Strong Cannes slate reflects renewed vibrancy in diverse market
By Nick Holdsworth
MOSCOW -- Hungarian filmmakers are celebrating their biggest presence at Cannes in 20 years with four films in official selection.
Hungary, lead by Gyorgy Palfi's controversial "Taxidermia" in the Un Certain Regard section, is part of one of the 59th festival's most noticeable trends, with other Eastern European directors also set to make waves in and around the Croisette.
"Everybody in the film community is very happy in Hungary, even if none of the films is in the main competition," "Taxidermia" producer Peter Miskolczi said.
Hungary's 2004 film law, which allows for 20% tax credits for films shot in the country in addition to more generous government subsidies for local production, were driving forces behind the strength of films this year, Miskolczi said.
"The other element is the freshness of the young generation. All the three Cannes candidates are around 30, they think differently about film and audiences. They are free in their ideas, they can work without pressure," he added.
The vitality of work from Eastern Europe has not escaped Cannes artistic director Thierry Fremaux.

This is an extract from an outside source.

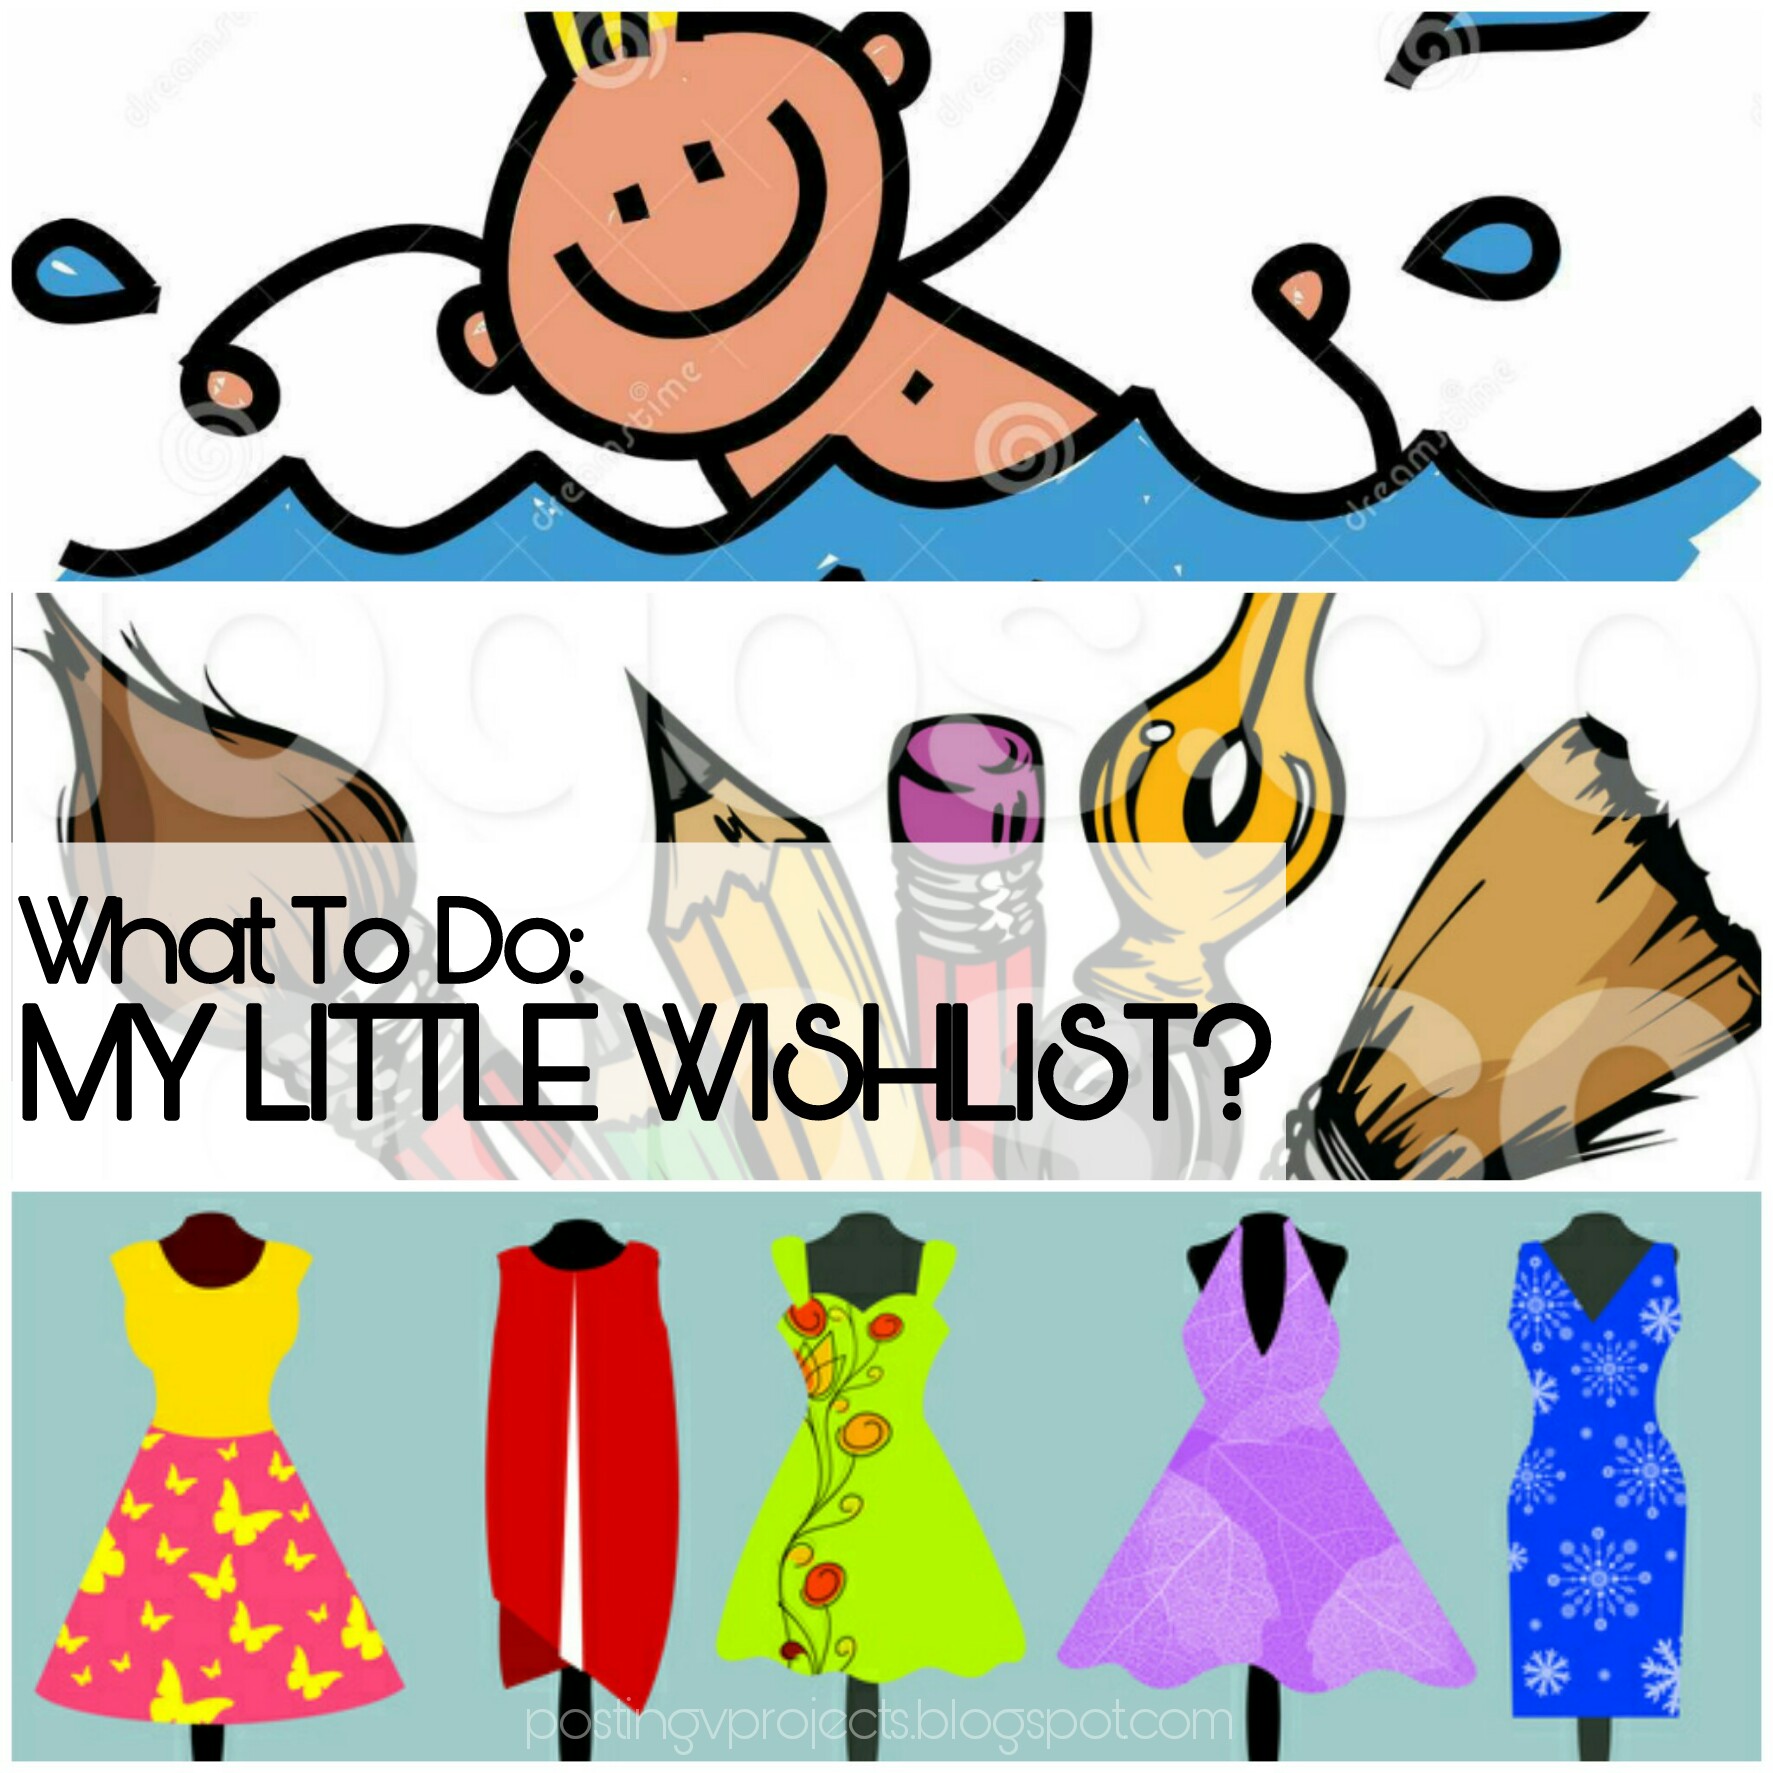 What To Do: MY LITTLE WISHLIST?

At April's Paris Grand Hotel festival press launch, he said that apart from the strength of Latin American film across all festival sections -- which this year largely replaces the strong run of Asian fare in recent years -- film from Europe's old Warsaw Pact countries were the clearest geographical trend.
"Taxidermia," which in February won the Hungarian national film week awards held in Budapest, is one of a number of Eastern European productions in Un Certain Regard's 24-strong program.
A deliberately shocking odyssey through 40 years of communism as seen through the perverted focus of three generations of self-obsessed men, "Taxidermia" -- which fiercely divided critics at its February premiere in Budapest -- is likely to make waves at Cannes.
World sales agents Fortissimo Films will put on market screenings to capitalize on the significant international interest the film has generated, Miskolczi said, adding that Benelux rights to the film -- shot on a budget of €2 million ($2.5 million) -- already have been sold to the Netherlands' Contact Film.
Also in Un Certain Regard is Polish director Slawomir Fabicki's "Retrieval" (Z Odzysku), a hard-hitting story of 19-year-old Wojtek, who, battling to support his Ukrainian lover Katja and her child, is forced to enter into a dark underworld.
The €1 million budget film, produced by Piotr Dzieciol of Lodz and Warsaw-based Opus Film, is set in the harsh environs of Poland's derelict coalfields, where poverty drives Wojtek into the arms of small-time gangsters, debt collectors and illicit boxing rings as he fights for dignity and survival.
Ewa Puszczynska, head of development at Opus Film, said that during the festival the company would be looking for an international sales agent for the film and also for Adam Guzinski's "The Boy on a Galloping Horse" (Chlopiec Na Galopujacym Koniu), which will screen in Cannes' Out of Competition section.
Also screening in Un Certain Regard: Lithuania's "You Am I," directed by Kristijonas Vildziunas, whose film "The Lease" was a competition entrant in Venice four years ago; Romania's "Cum Mi-am Petrecut Sfarsiful Lumii" (The Way I Spent the End of the World), a debut by Catalin Mitulescu -- a previous winner of the Shorts Golden Palm; and the French-Russian co-production "977."
Cannes' Critics Week and Directors' Fortnight sidebars also are shining the spotlight on Eastern European films this year.
Hungarian director Agnes Kocsis' debut feature "Fresh Air" (Friss Levego), a study of a woman reunited with her homeless mother that confronts the harsher truths about a society in economic transition, plays in the Critics Week. Her 27-minute film-school short "A Virus" can be found in the Cinefondation's official selection.
Fellow Hungarian director Szabolcs Hajdu's "White Palms" (Feher Tenyer), which won plaudits that included best director at this year's national film week in Budapest, is one of two Eastern European picks for the Directors' Fortnight. A visually stunning story about an Olympic gymnast who goes to Canada to become a coach after his own career ends in injury, Hajdu's third feature is notable for the strong performances of its cast.
Also screening in the Directors' Fortnight is Corneliu Porumboiu's Romanian debut feature "A Fost sau n-a fost?" The ensemble piece, set during the Christmas holidays, reflects on the results of the country's revolution 16 years after dictator Nikolai Ceaucescu was overthrown.
The noncompetitive World Cinema program also offers a feast for lovers of Eastern European film, with its first day devoted to a review of contemporary Russian cinema.